Rhetorical Analysis of a New York Times’ Article and Commentary

“Our lack of appreciation for the fallibility of our own memories can lead to much bigger problems than a attributed quote.”

[State thesis in first sentence.] Chabris and Simons build their case of relying on one’s memory by giving facts on the confusion of Dr. Tyson quoting former president George W. Bush’s speech to Congress after the 9/11 terrorists attacks. “Dr. Tyson was fooled by his own faith in the accuracy of his own memory.” [Analyze rather than summarize. How do the authors use the rhetorical triangle to convince the reader and how do they support their arguments?] When Dr. Tyson was asked for the source of Mr. Bush’s quotation it was nowhere to be found. Tyson claimed that he had explicit memory of what former president Bush said and that he made note of it for future reference. [Separate topic sentences with paragraphs.] Chabris and Simon state scientific facts and share studies about memory to help us as the readers better understand their argument.They state that we recall events easily and often but “rarely find our memories contradicted by evidence much less take the time to see if they are right. We rely on confidence as a signal of accuracy, in ourselves and in others” They use Dr. Tyson’s mistake to make an argument that our lack of appreciation for the mistakes we make about our own memories can lead to much bigger problems than a attributed quote.
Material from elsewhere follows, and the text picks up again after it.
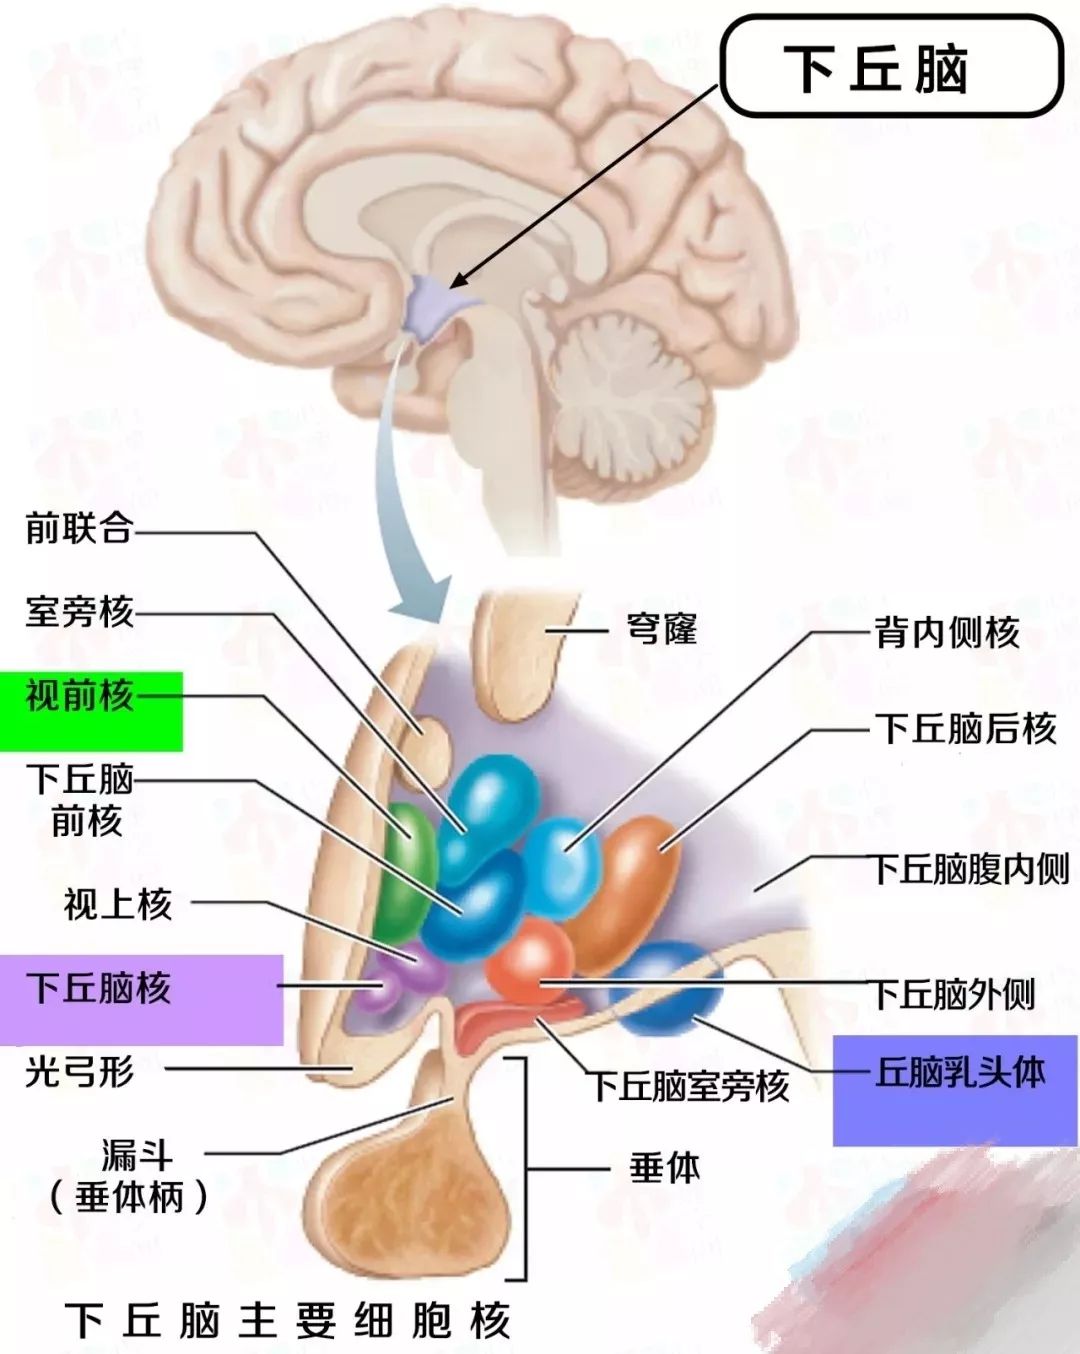 激活的核心区域是下丘脑内侧腹内侧和外侧(ventromedial hypothalamus

Their argument relies more heavily on facts and studies [use of logos] than emotions [use of pathos]. As the authors their tone is very deliberate but sincere.

The first comment under the reader’s pick is from Dr. Tyson himself. He links two Facebook notes that he wrote to further discuss the issue. The sites are linked to a partial anatomy of his public talks. His comment was convincing to the audience because for one, he was the main focus in the article [use of ethos] and because he explains in detail why he gives public talks and how he tries to connect to his audience. [Separate topic sentences with paragraphs.] The second comment states that Dr. Tyson’s “memory of former president Bush being an intelligent person is faulty.” He shares a link that has quotes of the ‘unintelligent’ things Bush has said in the past. For example, “Our enemies are innovative and resourceful, and so are we. They never stop thinking about new ways to harm our country ad our people, and neither do we.” [How do the commenters use the rhetorical triangle to make their points?] [Separate topic sentences with paragraphs.] The final comment has logical reasoning about one’s memory and might give you a sense of reliable sources. He relates to the audience by saying he has seen and has made mistaken memories enough to know that people make honest mistakes.

I think that the New York Times approach to ranking comments is effective because those comments encourage other readers to comment whether they agree or disagree with one another. I think it is needed because the reader can look at the comments and make sense of the topic if they don’t get what is being said. Sometimes the comments get across to the reader better than the original article. The top ranked comments may also provide additional information that the article may not have had such as statistics or links to other websites.